Decreased peripheral blood counts in all cell lines, including pancytopenia, have been reported in Rebif-treated patients. In controlled clinical trials, leukopenia occurred at a higher frequency in Rebif-treated patients than in placebo and Avonex-treated patients. Thrombocytopenia and anemia occurred more frequently in 44 mcg Rebif-treated patients than in placebo-treated patients. Patients should be monitored for symptoms or signs of decreased blood counts. Monitoring of complete blood and differential white blood cell counts is also recommended.

Cases of thrombotic microangiopathy (TMA), some fatal, have been reported with interferon beta products, including Rebif, up to several weeks or years after starting therapy. Discontinue Rebif if clinical symptoms and laboratory findings consistent with TMA occur, and manage as clinically indicated.

Caution should be exercised when administering Rebif to patients with pre-existing seizure disorders. Seizures have been temporally associated with the use of beta interferons, including Rebif, in clinical trials and in postmarketing reports.

The most common side effects with Rebif are injection-site disorders, headaches, influenza-like symptoms, abdominal pain, depression, elevated liver enzymes, and hematologic abnormalities.

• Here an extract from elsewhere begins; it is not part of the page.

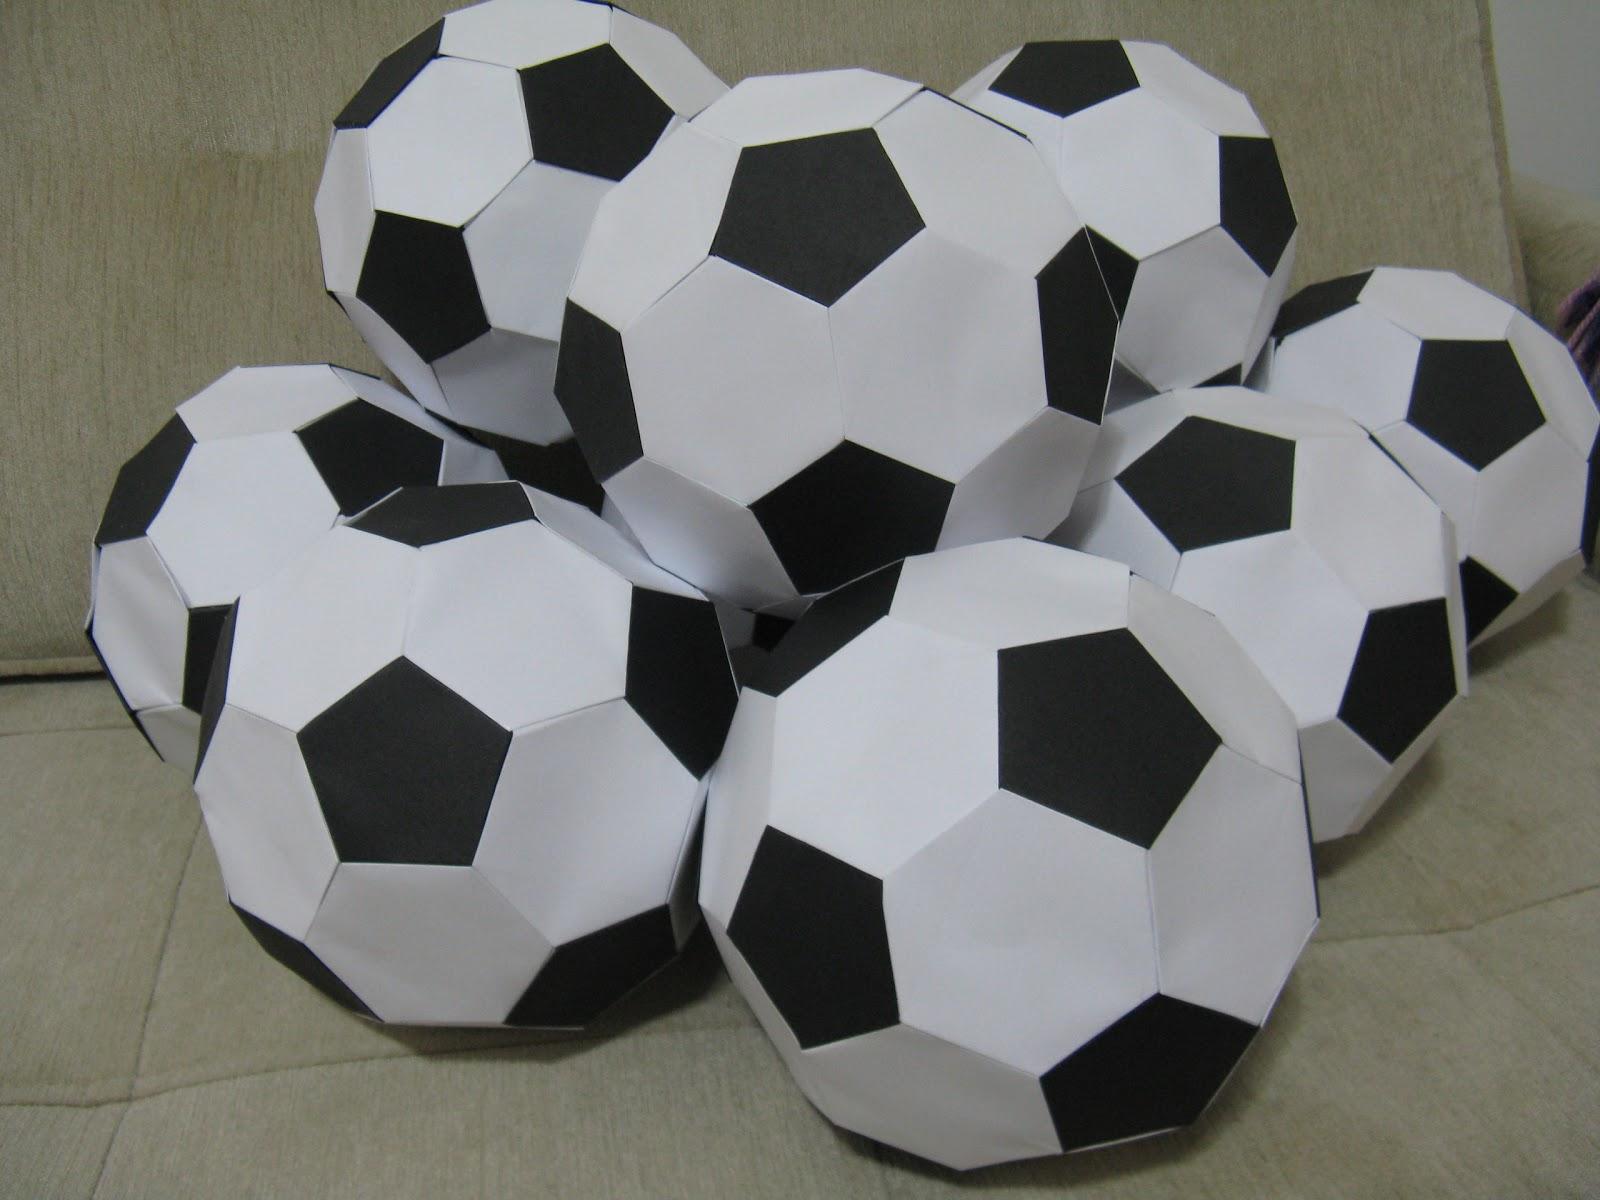 cbee0fb379 Esta encomenda de bolas de futebol

There are no adequate and well-controlled studies in pregnant women. Rebif should be used during pregnancy only if the potential benefit justifies the potential risk to the fetus.

Rebif full prescribing information is available at http://www.emdserono.com/ms.country.us/en/images/Rebif_PI_tcm115_140051.pdf?Version=

About Multiple Sclerosis
Multiple sclerosis (MS) is a chronic, inflammatory condition of the central nervous system and is the most common non-traumatic, disabling neurological disease in young adults. It is estimated that approximately 2.3 million people have MS worldwide. While symptoms can vary, the most common symptoms of MS include blurred vision, numbness or tingling in the limbs and problems with strength and coordination. The relapsing forms of MS are the most common.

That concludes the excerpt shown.